И это в книге, как ни странно, наименее интересное. Впрочем, мемуары во многом существуют для того, чтобы объяснить, в конце концов, кто есть кто, кто подлец, а кто молодец, раздать сестрам по серьгам. А неинтересно по грустной причине — книга написана сегодня, но существует она в иллюзорной ныне эпохе литературоцентричности, где воображаемому читателю все это якобы кровно важно.
А это не так. И, к сожалению, это заметно по снисходительно-вежливому тону рецензий на другие, предыдущие сочинения Владимира Алейникова, проходящие по разделу воспоминаний, при всех жанровых оговорках. Данная же книга, с претензиями на подлинность описываемых событий, — все-таки роман, да еще и, через дефис, поэма.
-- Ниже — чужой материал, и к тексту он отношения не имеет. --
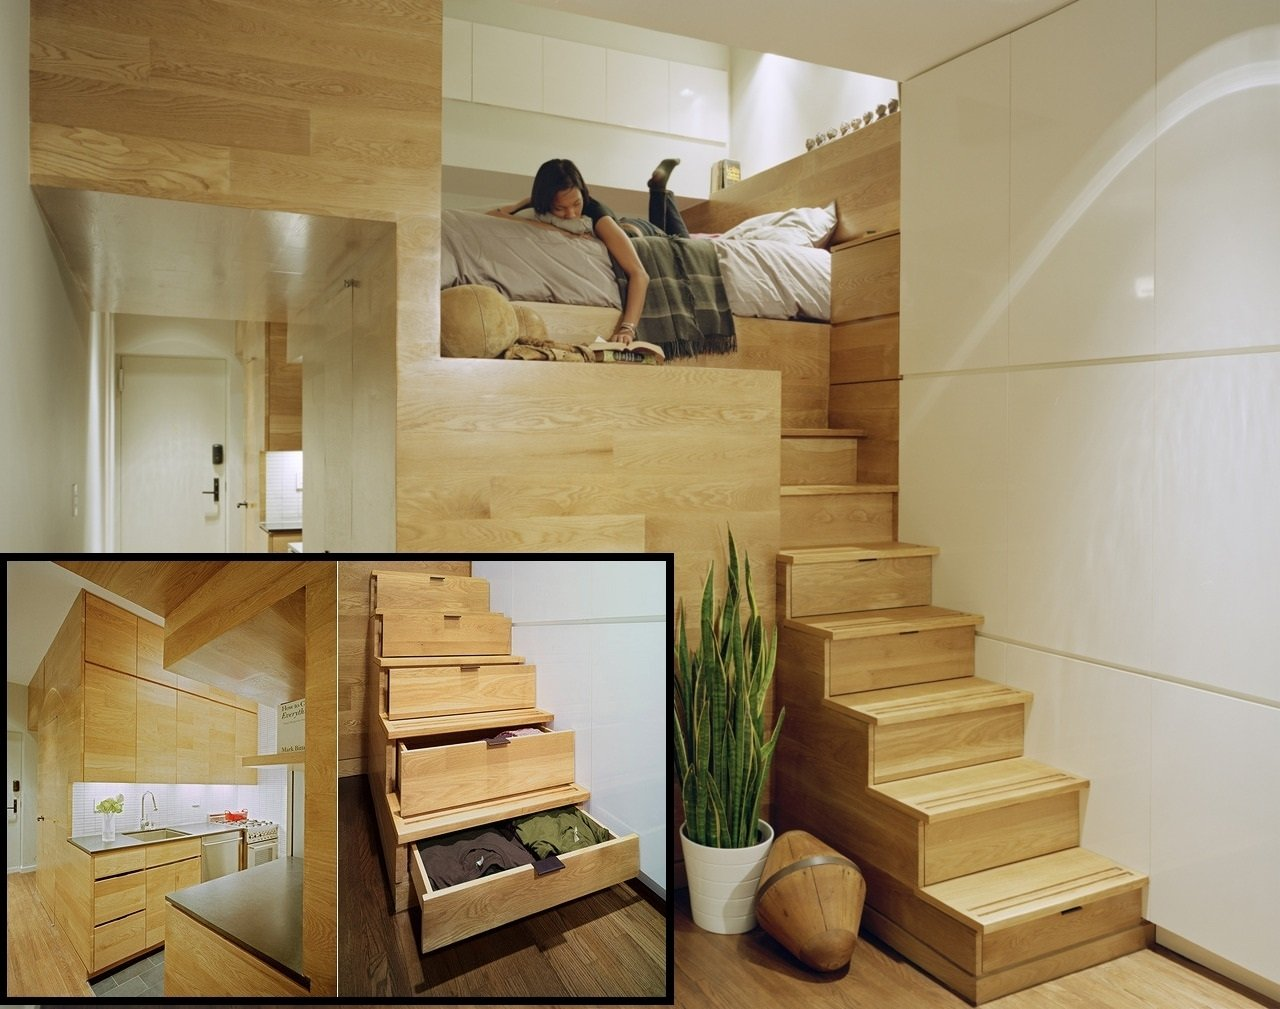 10 Gorgeous Interior Design Ideas For Small Spaces staircase ideas for small spaces apartment interior design 1

Один из рецензентов уловил самую суть: написано о людях, которые, несмотря на все усилия, классиками не стали, но и травой забвения не поросли. А случись то или другое — стали бы классиками или были бы полностью забыты, — было бы гораздо проще. А так — вежливое и почетное: ветеран андеграунда (звучит, если вдуматься, чудовищно), поэт-смогист и — нелепое в контексте всего предыдущего — член ПЕН-центра. Как написал современный поэт: “Ты не поверишь — все сбылось…”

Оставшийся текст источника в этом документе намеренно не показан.